FEMVERTISMENT

With the ongoing waves of feminism crashing against our society’s patriarchal walls, feminism has never entertained this magnitude of cultural relevance since its origin- femvertisment is a term coined for the type of advertisements that are female-empowered to help with the third wave of feminism.

Storytelling has always been the foundation of advertisement, and as early as the 1950s, the gender biases and stereotypical role of women as either a tool of men’s desire, a household puppet, or a mothering sheep’s criticism to market them to men and late 1960’s-1980’s wave of feminism and their rejection of the objectification of women as male dependent and sexually exploitable. And these conversations gave emergence to femvertising-initially proclaimed by she knew media in 2014. 

This ongoing wave has been linked to pop culture, and femvertisment is seen as the movements’ ties to capitalism. The research available bring focus on one aspect at a time instead of the phenomena in its entire context; as a role in the representation of the women amidst this wave and their ideals, corporate social responsibilities, and corporate philanthropy,

there has always been this ongoing dispute of advertising being a mirror of our perspective or simply a mold for them, with the ” mirror” reflecting how we see women and their status in our society, the “mold” implying whether we feed society these norms into shaping their reality. Brands in this era face this paradox: to mirror or mold. Nevertheless, femvertisment had put a spin on it.

Brands now mold us by acting as an activist for women’s empowerment as the dove’s iconic “evolution” campaign in 2004 is considered amongst the first of its kind.
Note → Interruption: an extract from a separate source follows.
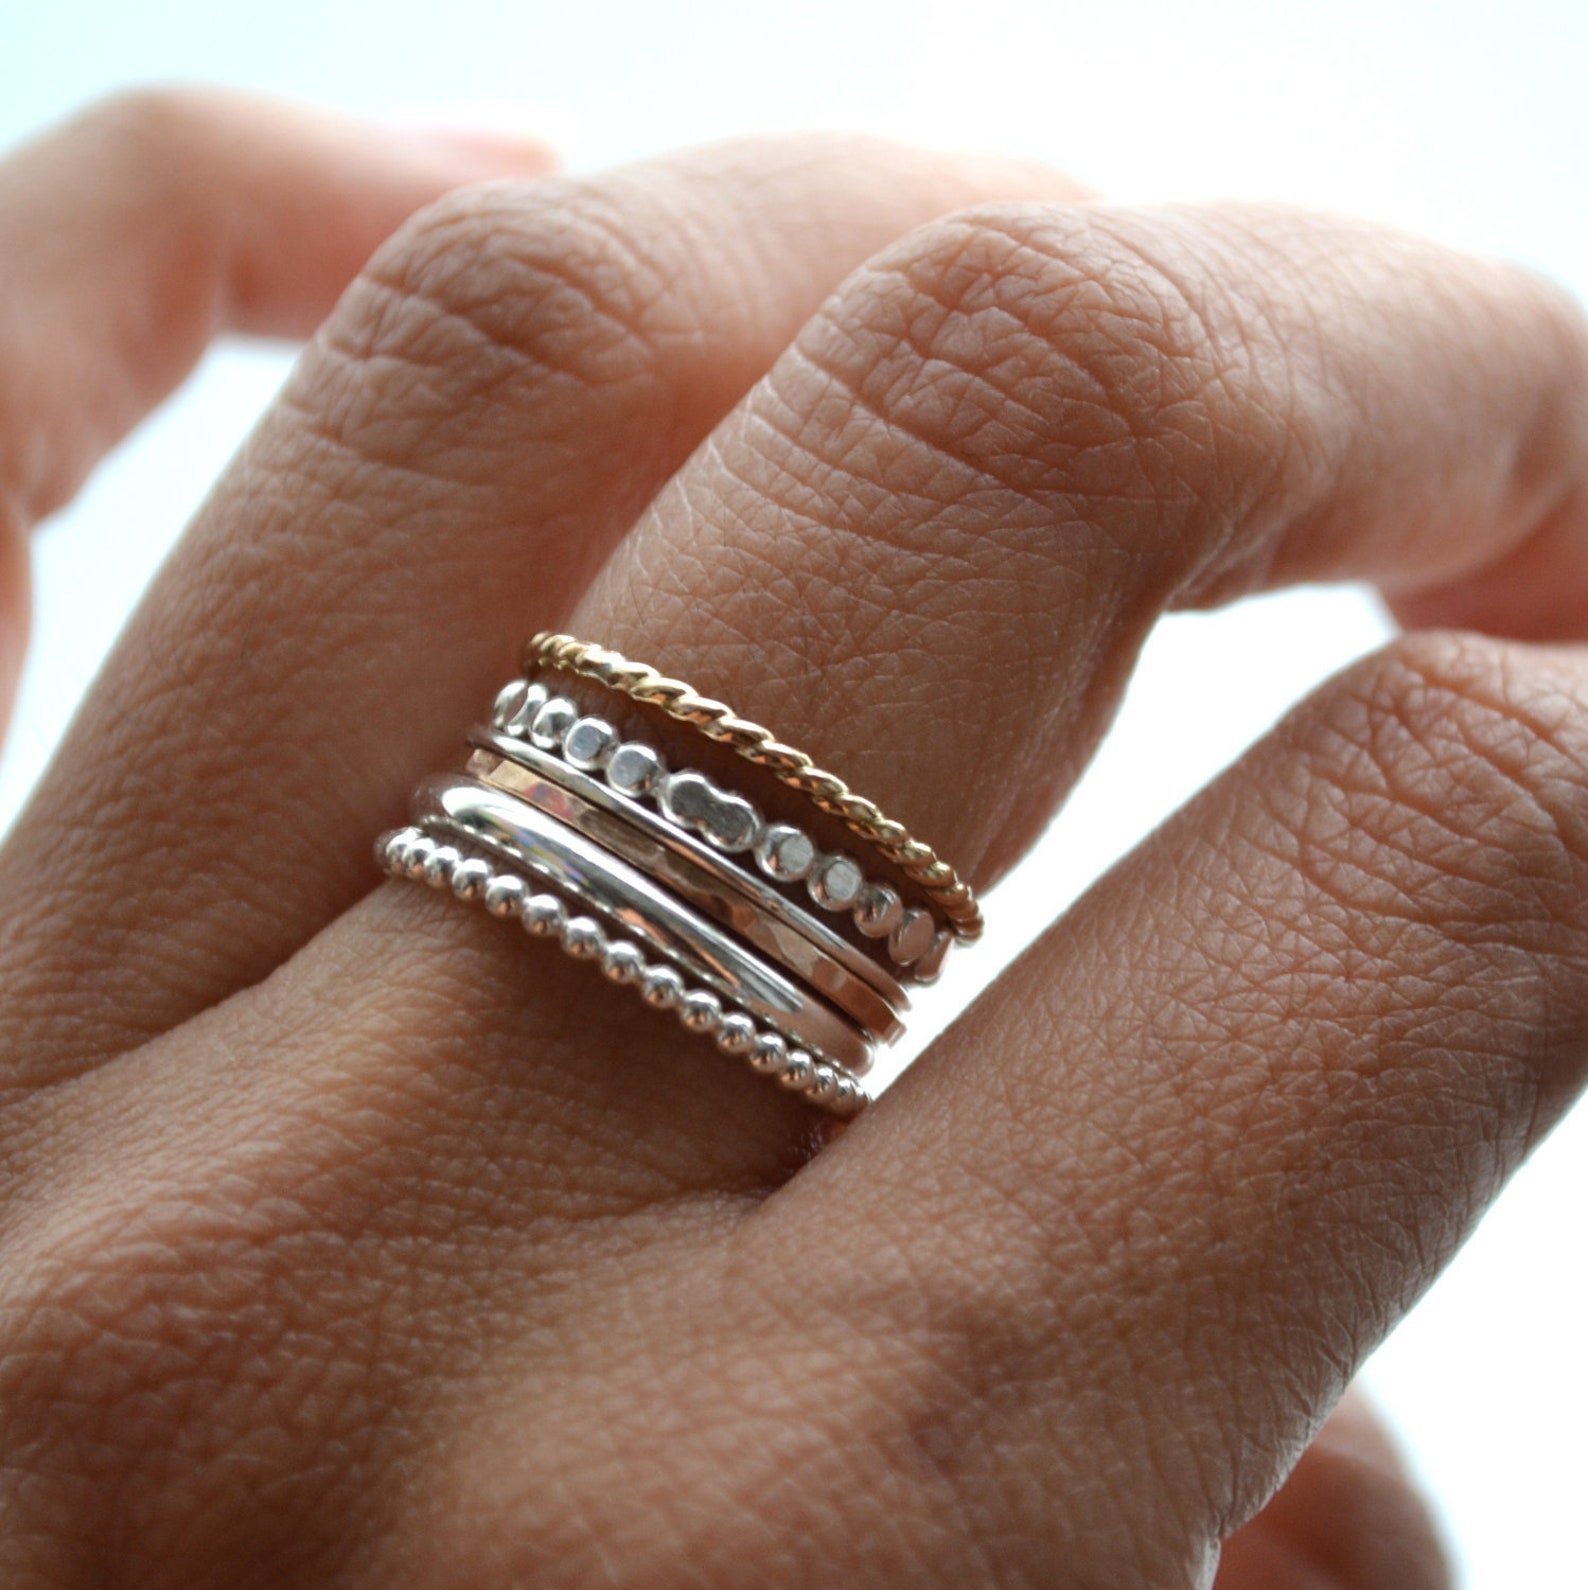 Можно обручальное кольцо серебряное. Сочетание золота и серебра кольца. Многослойное кольцо. Золотое и серебряное кольцо вместе. Золотые и серебряные кольца на одной руке.

According to various interpretations, the tactics used are the use of diverse female talent. Women expect representation similar to their race, shape, age. The message should be inherently pro-female, providing the consumer with feelings of affirmation and self-confidence. They use scenarios to break the gender-norm boundaries: challenging the perceptions of what a female should be by portraying women in places they aren’t necessarily seen.

The most prominent tactic is downplaying sexuality so that they don’t downplay it but use it in a more nuanced manner. They are taking the narrative into their own hands, using sexuality to empower rather than a means of entertainment for men.

Let’s take the case on Nike for analysis. In the 1980’s advertisement, Nike states’ “just because you’re a nice girl doesn’t mean you can’t have evil legs.” Here they link evil to being fit rather than mean because that was the correlation present in pop culture, and the reference between being a mean or nice girl develops a negative correlation between fitness which Nike is trying to break a very patriarchal point of view with a typical Caucasian model.

Later in 2014, after femvertisment, Nike stated in their campaign, “a run with the girls shouldn’t hurt the girls: the narrative becomes about the women and her experience rather than the social imagery. It becomes about the empowerment of the women herself.no image-making or breaking, just her experience becoming the main object of focus. This time Nike went with biracial women to advocate for adversity alongside empowerment. And this drastic change in the campaign and context of the same brand is the result of femvertisment.

The responses to femvertising have been extensively supportive of its initiatives by far. Up to 90% of women are knowledgeable of at least one femvertisment campaign, which has helped them build a connection with the brand favorably in the association with them.